World-class Performance is 95%+. Below 85% often indicates chronic speed throttling, frequent micro-stops, or a machine running in a degraded state. Log and track micro-stop events through work orders — even minor recurring stops that individually seem trivial can cumulatively cost more runtime than a single major breakdown.

Quality

Quality = Good Parts ÷ Total Parts Produced

Quality captures all output that cannot be shipped — scrap, defects discovered during or after production, and startup rejects (parts produced during warmup before the process stabilizes).
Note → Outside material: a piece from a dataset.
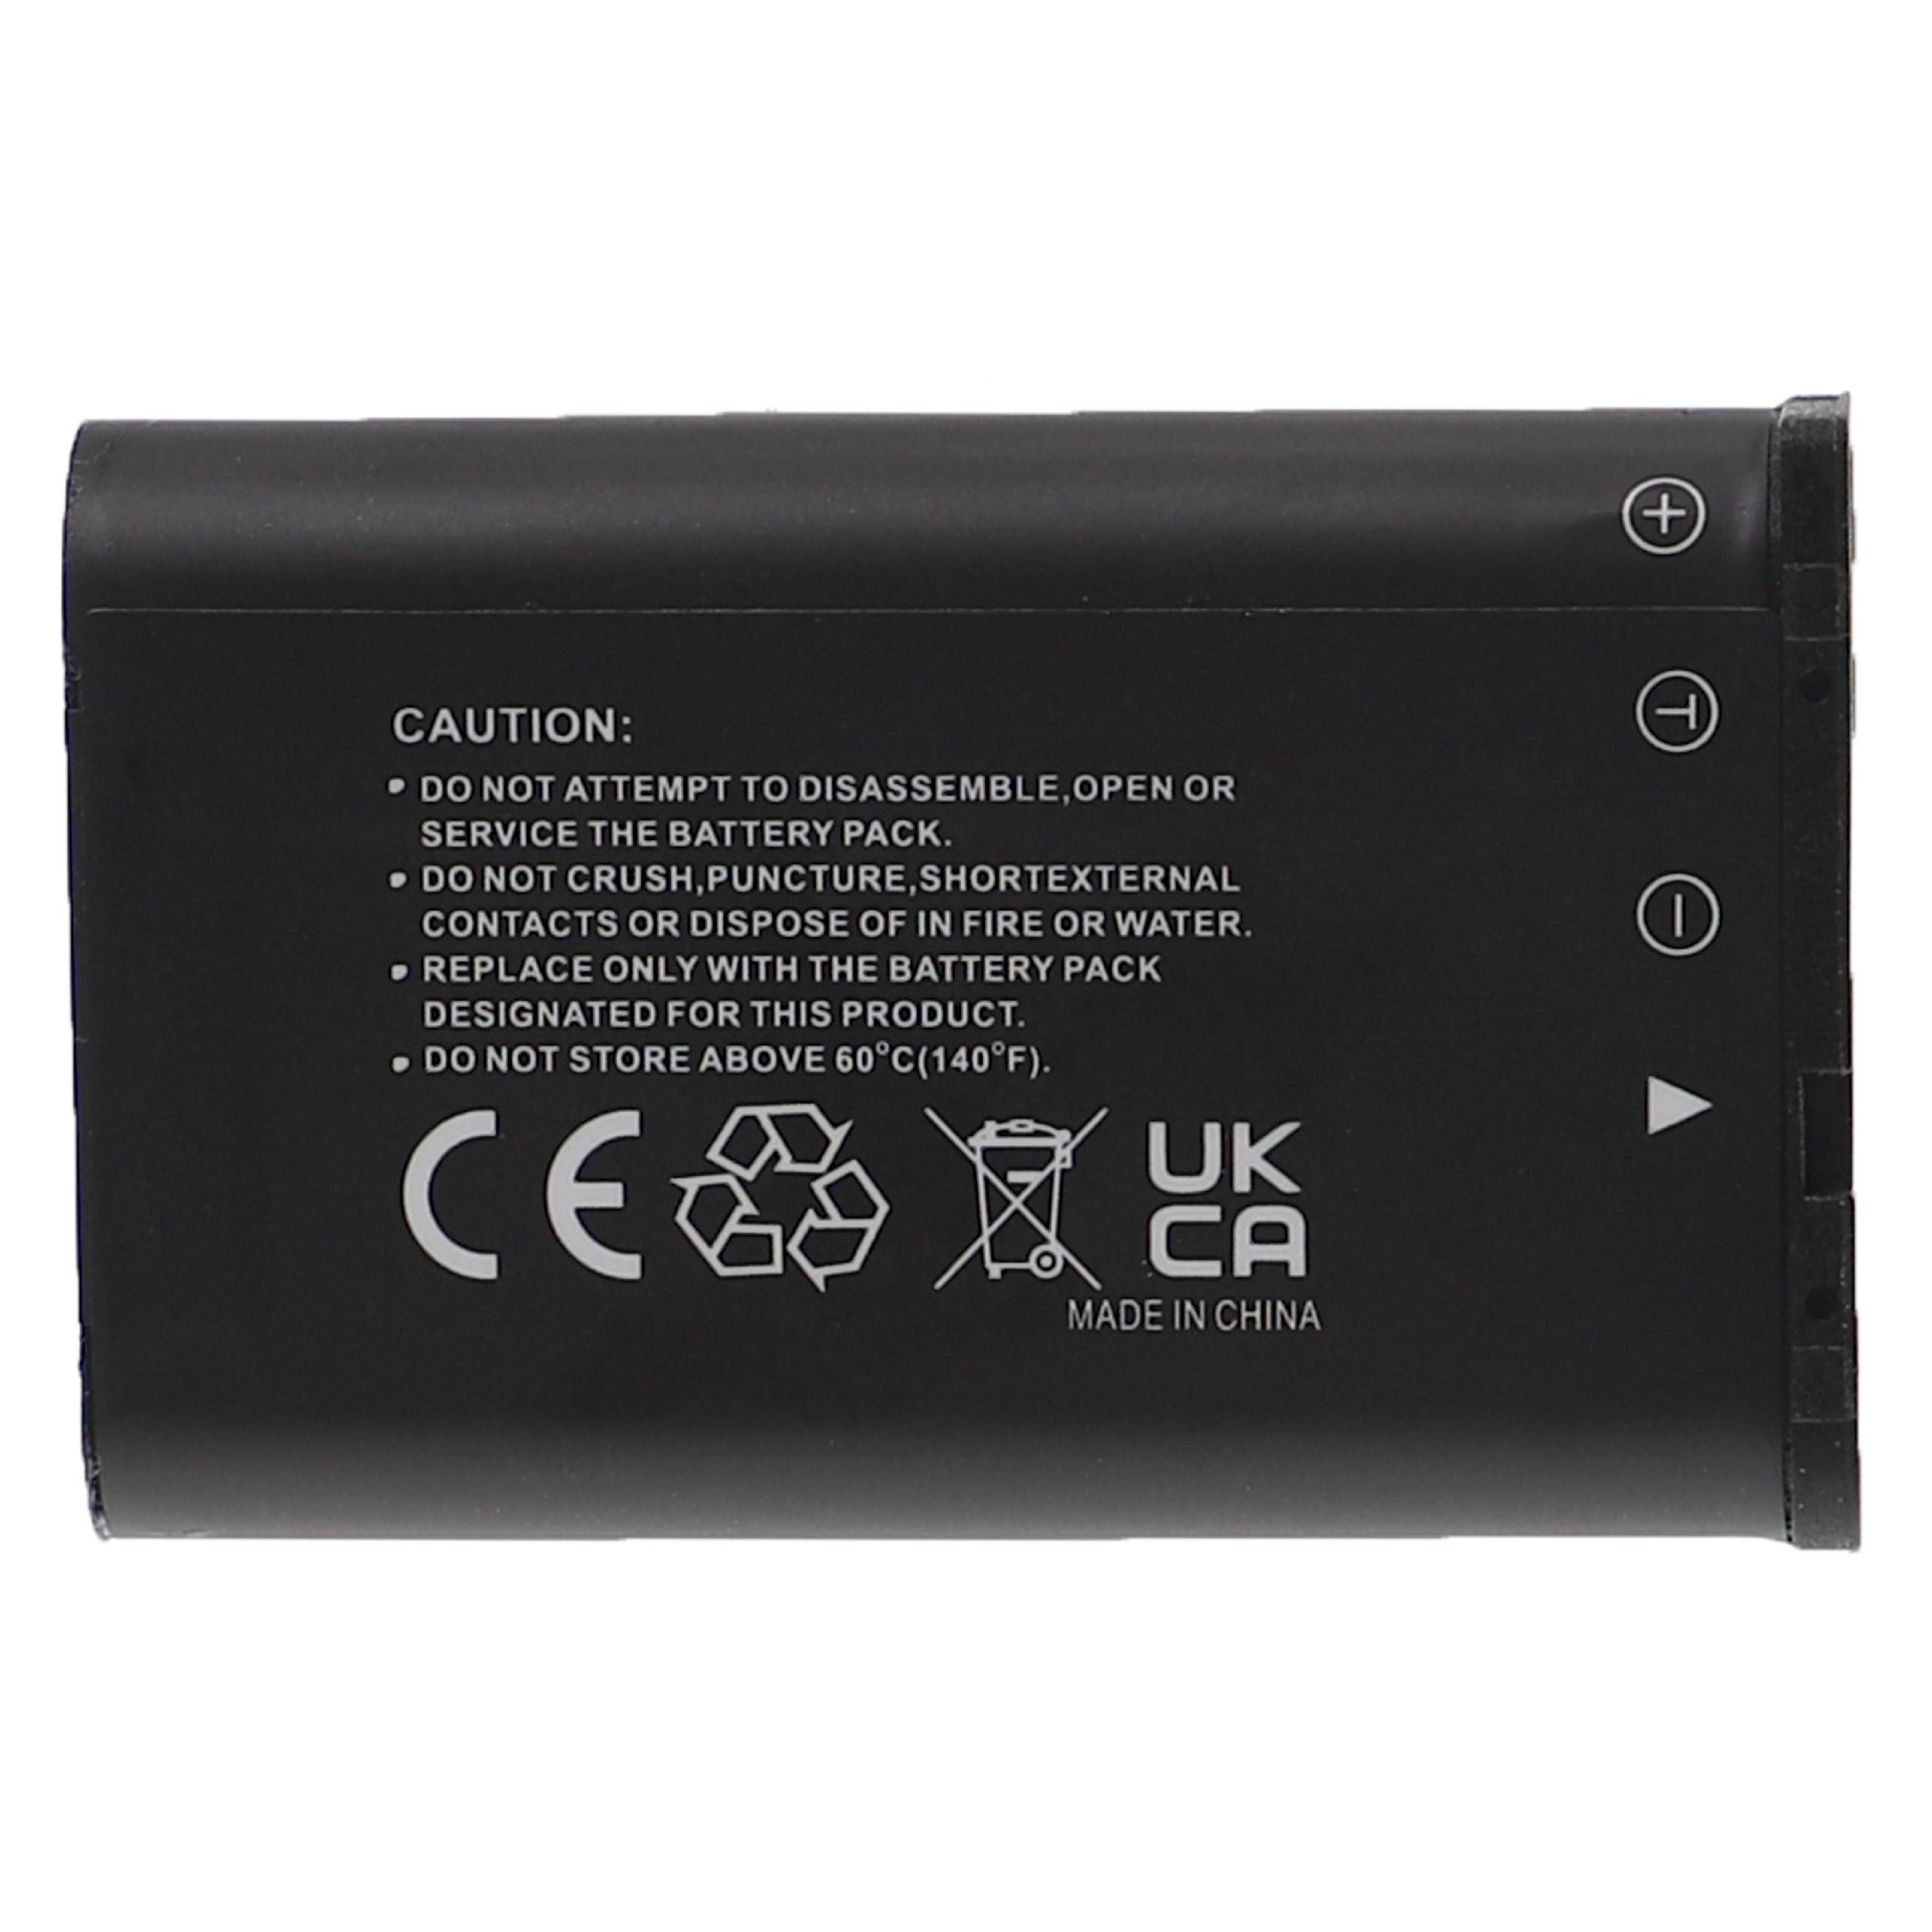 EXTENSILO Volt, Kamera, Li-Ion Akku für für NP-90DBA, - Casio 1800 NP-90 Ersatz 3.7

Reworked parts count as Quality losses even if they are eventually shipped, because they consumed additional time and resources to produce.

Example: A machine produces 1,200 parts in a shift. 36 fail inspection — 28 scrapped, 8 reworked. Quality = (1,200 − 36) ÷ 1,200 = 97.0%.

World-class Quality is 99%+. Quality below 95% is a significant drag on both OEE and TEEP and typically points to process control issues, tooling wear, or raw material variation rather than a maintenance problem.

Utilization

Utilization = Planned Production Time ÷ Total Calendar Time

Utilization is the component that makes TEEP fundamentally different from OEE. It captures all calendar time when the machine was not scheduled to run — overnight hours, unworked shifts, weekends, holidays, and planned shutdowns. Unlike the other three components, Utilization is driven almost entirely by business decisions: how many shifts to run, how much demand exists, seasonal patterns, and strategic choices about asset deployment.

Example: A machine is scheduled for 2,000 hours/year (one 8-hour shift, 250 working days). Total calendar time: 8,760 hours. Utilization = 2,000 ÷ 8,760 = 22.8%.

This is a critical point: Utilization is largely outside the control of the maintenance team. Improving it requires either more market demand, a decision to add shifts, contract manufacturing to fill idle time, or reallocation of assets across sites. This is why TEEP manufacturing analysis is primarily a strategic tool for plant directors and operations leadership — not a day-to-day maintenance KPI. When used correctly, TEEP calculation reveals the true equipment utilization gap between scheduled capacity and total calendar potential. The Asset Utilization Rate metric covers the broader utilization concept for asset portfolios; TEEP formalizes it specifically for production equipment performance.

Who Needs TEEP and When

TEEP is a different kind of metric from OEE — primarily strategic rather than operational. The stakeholders who find it most useful tend to be further up the organizational hierarchy than those who use OEE day-to-day.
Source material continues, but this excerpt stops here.